C’est au fond deux façons de voir la  « prétention à l’universalité » du jugement de goût, celle qui nous fait dire « c’est beau » devant un film alors que nous sommes censés d’écrire un état subjectif. Pour Jullier le jugement esthétique ne doit en aucun cas prétendre à l’universalité afin d’éviter « le dégoût du goût des autres » qu’il attaque fermement ; je dois m’en tenir à dire « ce film me convient ». Alors que pour moi, cette prétention à l’universalité est la condition même du partage, de la discussion; sans cela, plus d’enjeux. Si « des goûts et des couleurs on ne dispute pas », Kant résumait finalement que l’art, « c’est ce dont on discute ». Dont acte.

Murielle JOUDET

Durée 74 min.
  • Commentaires

15 réponses à “Qu’est-ce qu’un bon film ?”

  1. Jack Pougne

    À 6:27, vous avez mis une photo de Lévi-Strauss pour illustrer Marcel Mauss ?! Bon d’accord les deux finissent par ‘auss’ mais quand même 😀

  2. lionel goutelle

    Passionnant…Je croyais relire la distinction au début de l’entretien…(cf le dégoût des autres autres goûts », mais au nom de quoi et de quel droit? finalement ce débat est encore très vivant)…Je ne connais ni le livre ni l’auteur (pardonnez mon inculture).
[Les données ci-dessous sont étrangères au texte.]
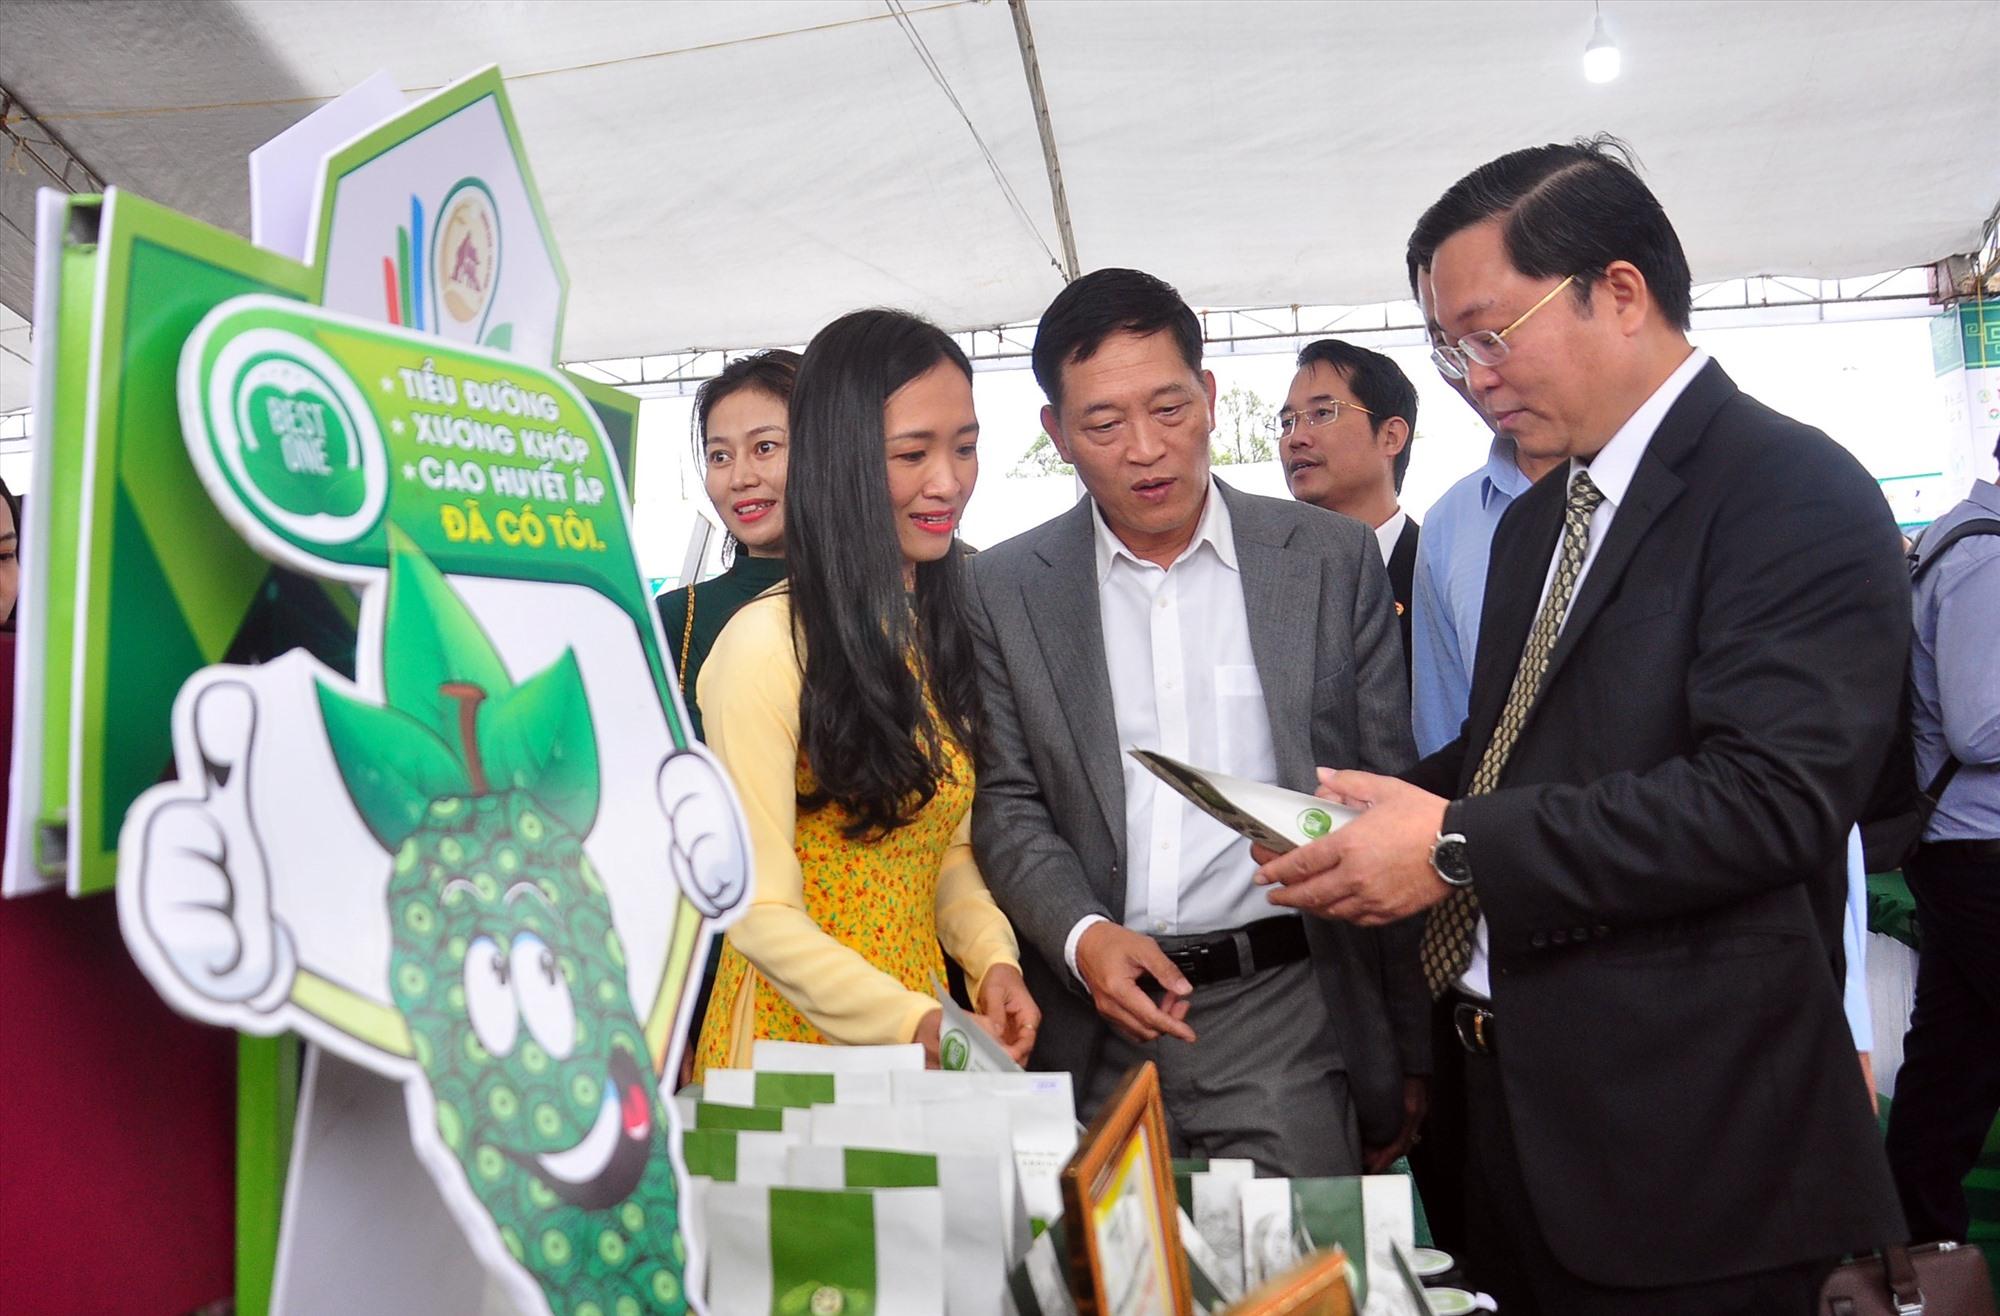 Lãnh đạo tỉnh và Bộ KH-CN tham quan các gian trưng bày sản phẩm OCOP, sản phẩm khởi nghiệp tại Techfest Quang Nam 2021. Ảnh: ANH CÔNG

Il me semble qu’il déteste sans le dire (sauf à la fin: « Goffman oui, Bourdieu non ») la sociologie « critique », la catégorisation et la hiérarchisation des goûts en « légitimes » « intellos » « populaires »,etc…. Il livre un plaidoyer vigoureux et troublant pour dire tous les goûts se valent (puisqu’ils ne sont que le reflet d’expériences de vie différentes, ce en quoi la sociologie bourdieusienne serait tout à fait d’accord), même s’ils ne sont pas en position de pouvoir équivalente…Bref, il défend « le relativisme culturel »…je suis curieux de lire son livre car effectivement le cinéma est une forme d’émotion multidimensionnelle qui mérite analyse fine…décidément, on ne sort pas du jeu de la culture, fusse pour se distinguer en affirmant au nom de quoi cette prétention à la distinction (et implicitement à la supériorité) des « cinéphiles orthodoxes »?… C’est peut être le problème des « adversaires » de Bourdieu…ils confirment par l’absurde que la culture est bien un enjeu de lutte, quitte à occuper dans cette lutte la position de celui qui veut refuser le jeu, et avoir le dernier mot. Participer au jeu du commentaire sur la culture (comme je le fais), c’est prouver de fait qu’elle est un enjeu de lutte. Bourdieu disait « s’il y a une vérité, c’est que la vérité est un enjeu de lutte »…

  3. Jack Pougne

    @Judith : j’essaye tant que possible à remettre en cause mes pauvres certitudes, mais là… si ce monsieur en photo n’est pas Claude Lévi-Strauss, je veux bien manger mon noeud papillon 😀
    Autrement, émission très intéressante, merci.

  4. Bernard Guericolas

    Merci Murielle et Judith de nous avoir fait connaître Laurent Jullier ! Cet entretien pointilliste (peu d’arguments sont poursuivis très avant) donne envie de beaucoup creuser cette question : beau absolu universel vs. beau subjectif (au cinéma comme dans tous les artefacts). En tous cas je vais me précipiter sur ce livre. Un début de réponse par Laurent Jullier vers la fin : donner les outils pour mieux discerner les modalités du beau et donner les mots pour l’exprimer. Et puis, je me sens à 100% en phase avec Laurent Jullier (mais il faut que je le lise) et je commence à comprendre pourquoi je supporte si mal les « critiques » de Pierre Murat ou Louis Guichard, entre autres. Mais je ne devrais pas en être si irrité : comme il est dit dans cette émission, « la critique cinématographique est une forme littéraire comme une autre ». Alors, si la critique cinéma n’est que littérature, pourquoi en éprouver désagrément et colère ? 😉

  5. Papriko

    @ Murielle Joudet : j’espère que vos futures émissions seront consacrées autant au cinéma qu’à l’étude de la fonction des salariés qui gagnent leur vie en parlant du cinéma.

  6. Totorugo

    Bravo Murielle et merci pour cette émission !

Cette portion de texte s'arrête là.